The imaged-guided focused ultrasound method was previously described in Haumann et al. [25]. In brief, mice received 0.05–0.1 mg/kg of buprenorphine 15–30 min before anesthesia with isoflurane (1–3% and 2 l/min of O2). The depth of anesthesia was determined by the absence of palpebral, withdrawal, and corneal reflexes. A 26 G catheter (Neoflon, Becton Dickinson, Helsingborg, Sweden) was placed in the tail vein and flushed with 50 UI of heparin (Vrije University Medical Center Pharmacy) to prevent blood clotting. Mice were then mounted on a 3D printed platform and fixed with bite and ear bars, after which they received 150 µl of D-luciferin via subcutaneous (s.c.) injection 10 min prior to treatment. BLI and X-ray was performed to localize the tumor and to guide the transducer to the tumor in the pons. A hydrophone was placed behind the ear of the mouse and coupled with a 1 MHz monoelement transducer using ultrasound gel. Microbubbles (SonoVue, Bracco International BV, Amsterdam) were prepared according to the manufacture’s description. A 19 G needle was used to take up the microbubbles and fill up the catheter. Microbubbles were injected in two boli of 60 µl. Focused ultrasound was then performed at a frequency of 1.5 Hz to a total exposure time of 160 s, consisting of 40 repetitions over 6 points with a total 240 sonications. The safety of the procedure was monitored with passive caviation detection.

BBB opening

To ascertain optimal acoustic power in the HSJD-DIPG-07 xenograft model, different acoustic pressures were used, (Fig. 1: BBB opening). Mice received either 200 kPa (n = 3) or 400 kPa (n = 3). Directly after FUS, mice received Evans blue (100 µl, Sigma Aldrich, St. Louis, MO, USA). After 30 min mice were sacrificed and transcardially perfused with saline before brains were excised for analysis.

Fig. 1
figure 1

Experimental design. BBB opening after FUS was determined in HSJD-DIPG-07 tumor-bearing mice which received 200 kPa (n = 3) and 400 kPa (n = 3) to observe the extent of BBB opening. Mice received 400 kPa during treatment in all subsequent experiments.

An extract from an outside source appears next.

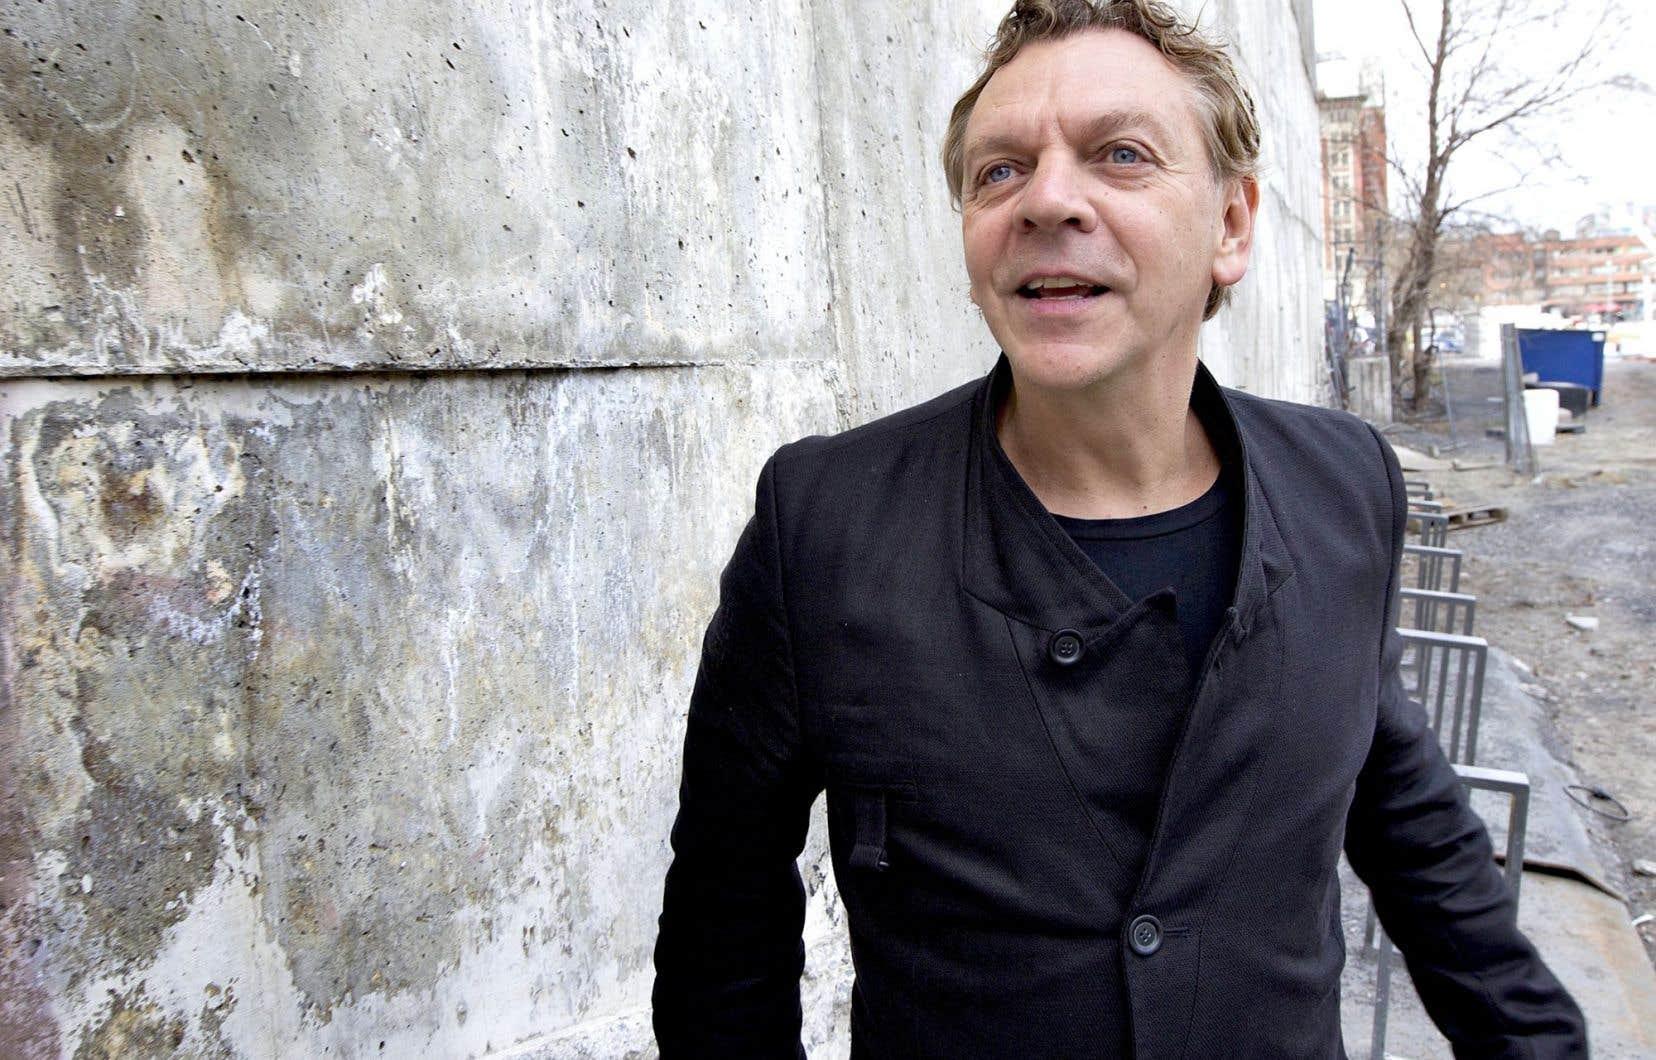 Marc Labrèche, qui a joué dans L'âge des ténèbres et Whitewash, donnera une leçon de cinéma ce mardi.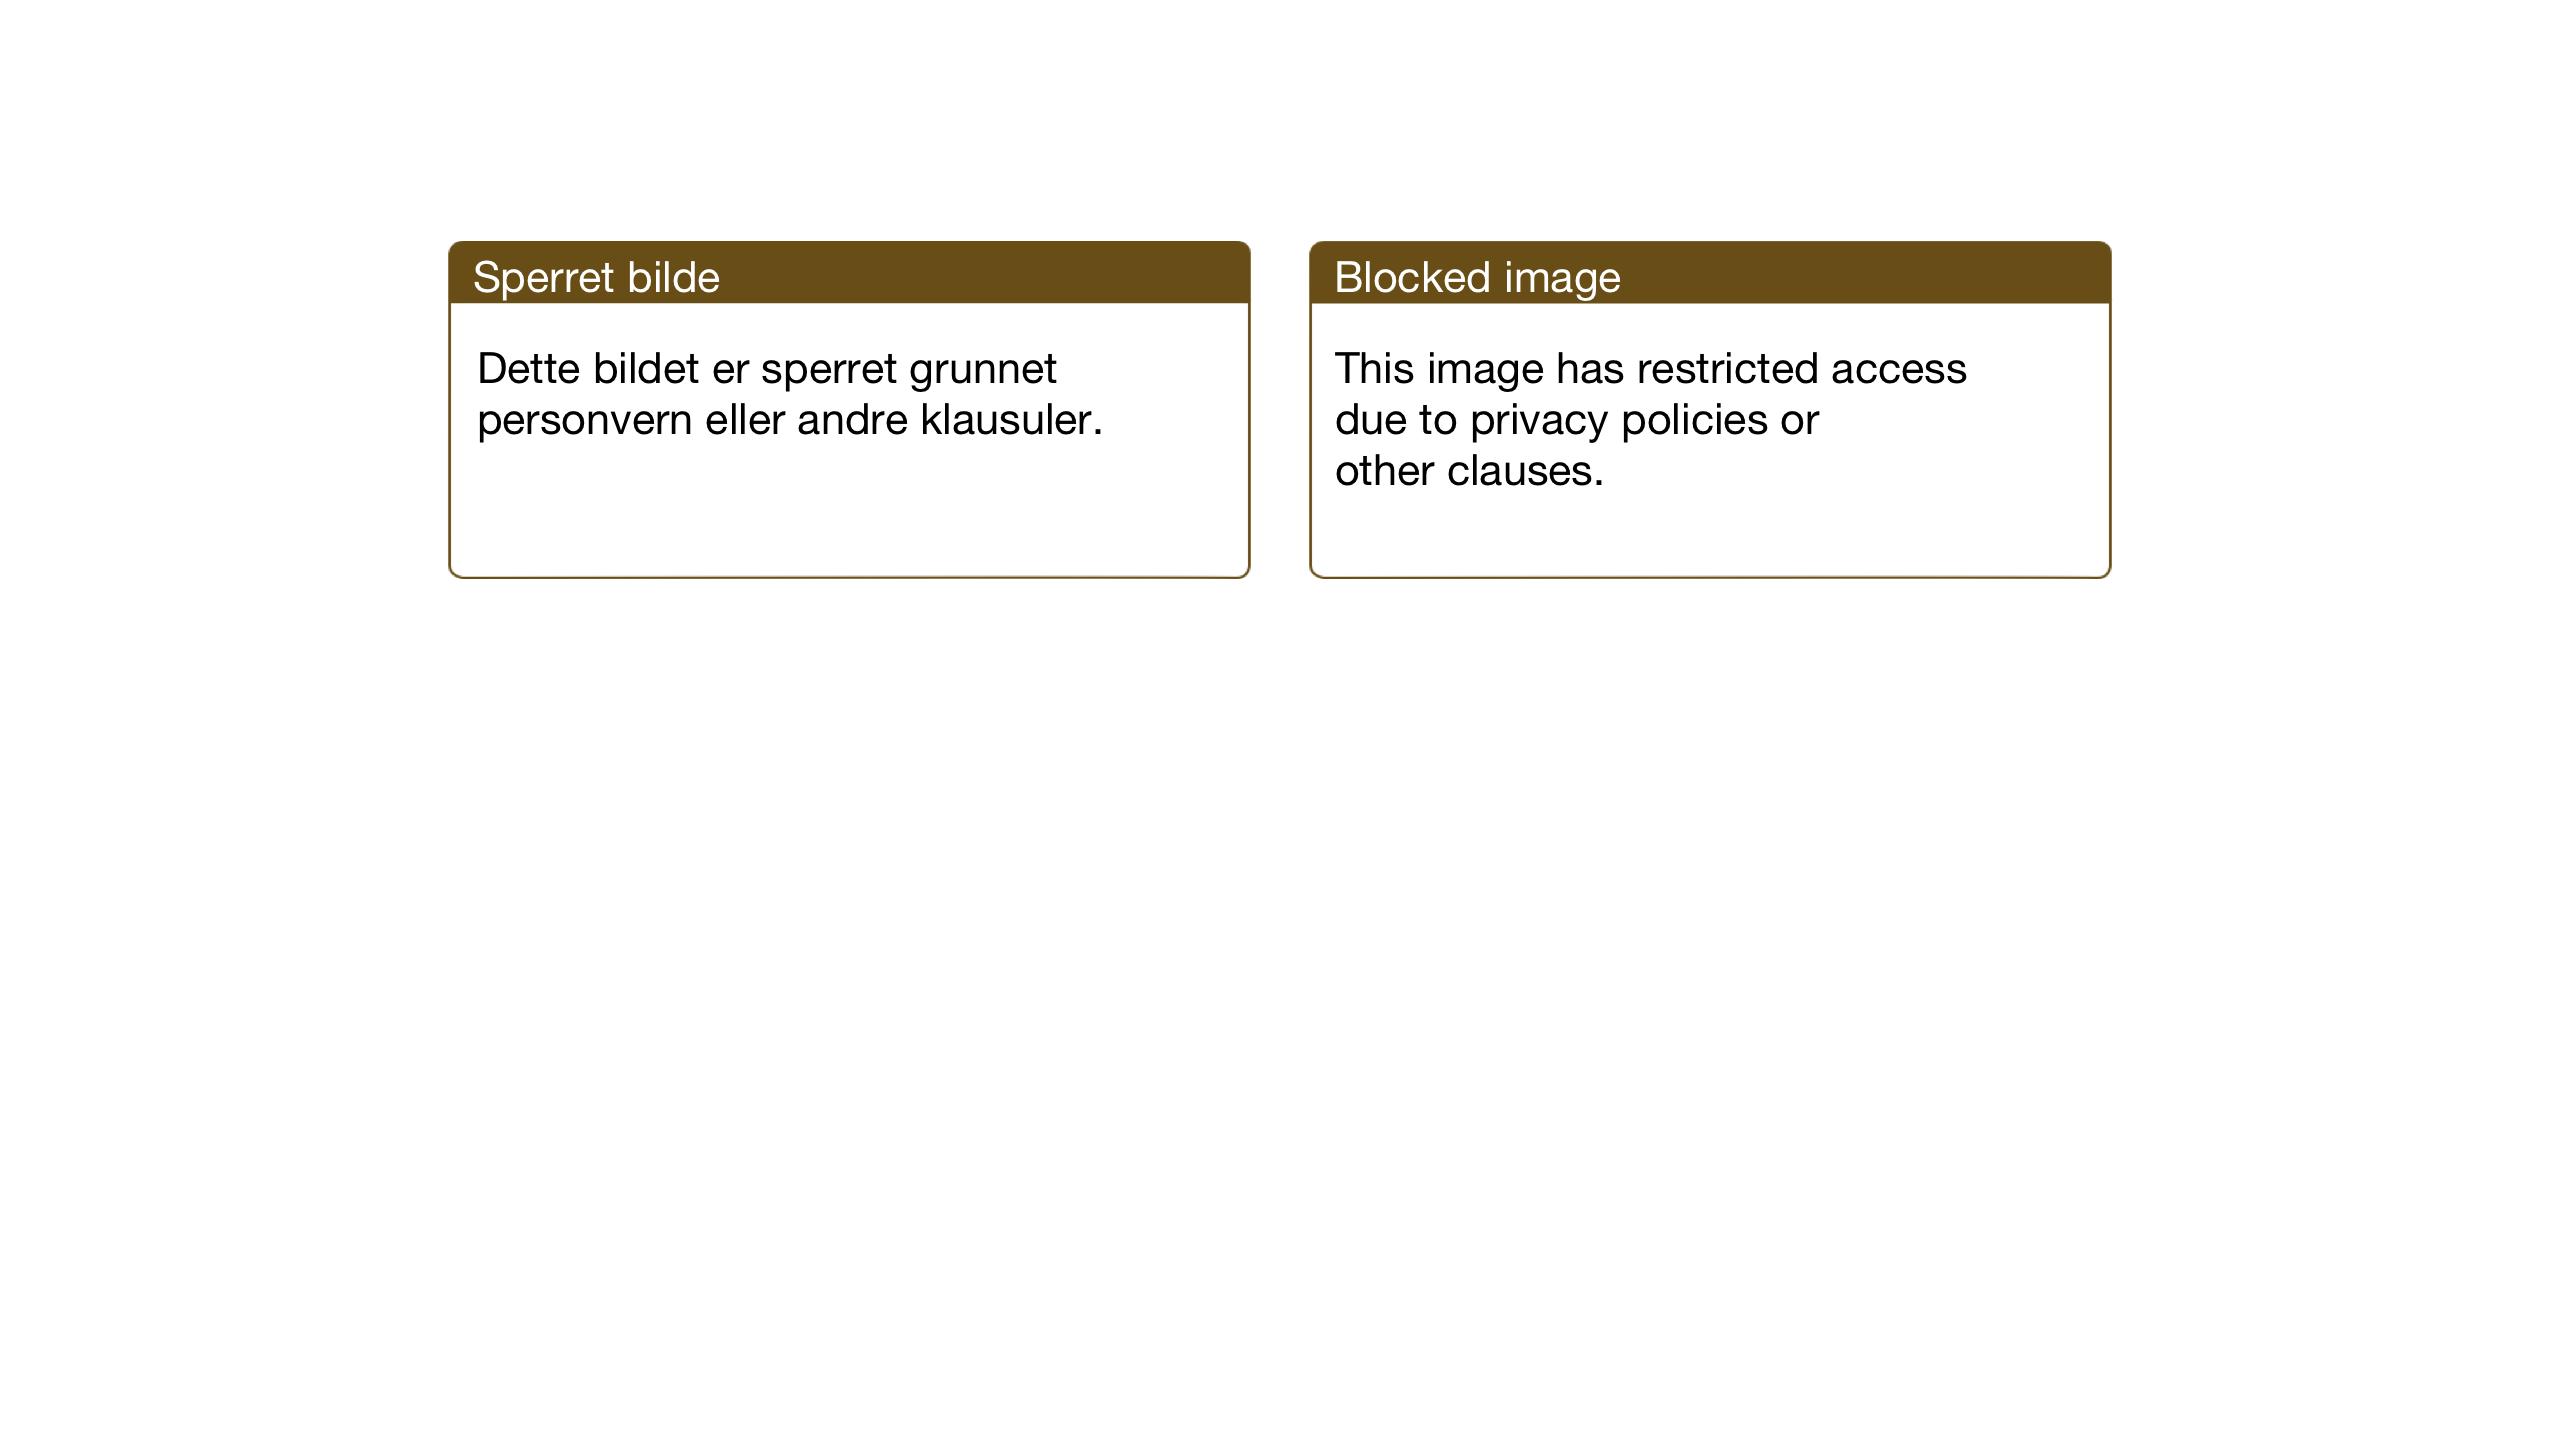 SAT, Ministerialprotokoller, klokkerbøker og fødselsregistre - Sør-Trøndelag, 651/L0648: Klokkerbok nr. 651C02, 1915-1945, s. 91

Survival analysis was performed on HSJD-DIPG-07 xenograft models (n = 54). Mice were regularly monitored with BLI and upon increase of the signal, mice received treatment with focused ultrasound. After treatment, mice were monitored and sacrificed at humane endpoints. Immunofluorescence histology was performed on non-tumor bearing mice (n = 3) and tumor bearing mice (HSJD-DIPG-07) (n = 6) to determine the presence of liposomal formulations of doxorubicin in the brain parenchyma. At 24 h after treatment mice were sacrificed and brains were frozen until analysis. (Created with Biorender)

Survival analysis

HSJD-DIPG-07 xenografts were established in 54 mice. Tumor engraftment was monitored with weekly BLI measurements (Fig. 1: survival). Upon increase of the BLI signal (indication of engraftment), at day 37 after implantation, mice were evenly stratified into nine groups of each 6 mice: (A) Control, (B) FUS only, (C) Vehicle liposomes + FUS, (D) doxorubicin + FUS, (E) systemic doxorubicin, (F) Caelyx® + FUS, (G) systemic Caelyx®, (H) 2B3-101 + FUS, and (I) systemic 2B3-101 (n = 6 per group). At day 40, mice received 5 mg/kg doxorubicin (5 mg/kg, Vrije University Medical Center Pharmacy, Amsterdam, The Netherlands), Caelyx® (5 mg/kg, Vrije University Medical Center Pharmacy, Amsterdam, The Netherlands), 2B3-101 (5 mg/kg, kindly provided by dr. Pieter Gaillard) or control liposomes (PEG liposomes without doxorubicin) (kindly provided by prof. Gert Storm). The polyethylene glycol (PEG)-coated liposomal formulations of doxorubicin, Caelyx® and 2B3-101 as well as control liposomes were intravenously administered 60 min before sonoporation. Mice were regularly weighed and neurologically assessed. After treatment, BLI was performed twice a week for two weeks and followed by once a week to monitor tumor growth. At experimental endpoints, animals were deeply anaesthetized with a ketamine (2.4 mg, Alfasan Woerden, The Netherlands) and sedazine (0.24 mg, AST FARMA, Oudewater, The Netherlands) mixture and transcardially perfused with saline before brains were excised for analysis. In brief, once the animal was sedated and no reflexes were observed, an incision was made along the midline of the chest, and the resulting cavity was held open with retractors. A small incision was made to the left ventricle and right atrium and a blunt tip needle was then inserted through the left ventricle into the anterior aorta and held in place with surgical clamps before 50 ml of saline was circulated through the vascular system using a syringe. Following perfusion, brains were excised and cut along the sagittal plane. One sagittal half was fixed in 4% formaldehyde (Merck, Darmstadt, Germany) and the other half was snap frozen in liquid nitrogen.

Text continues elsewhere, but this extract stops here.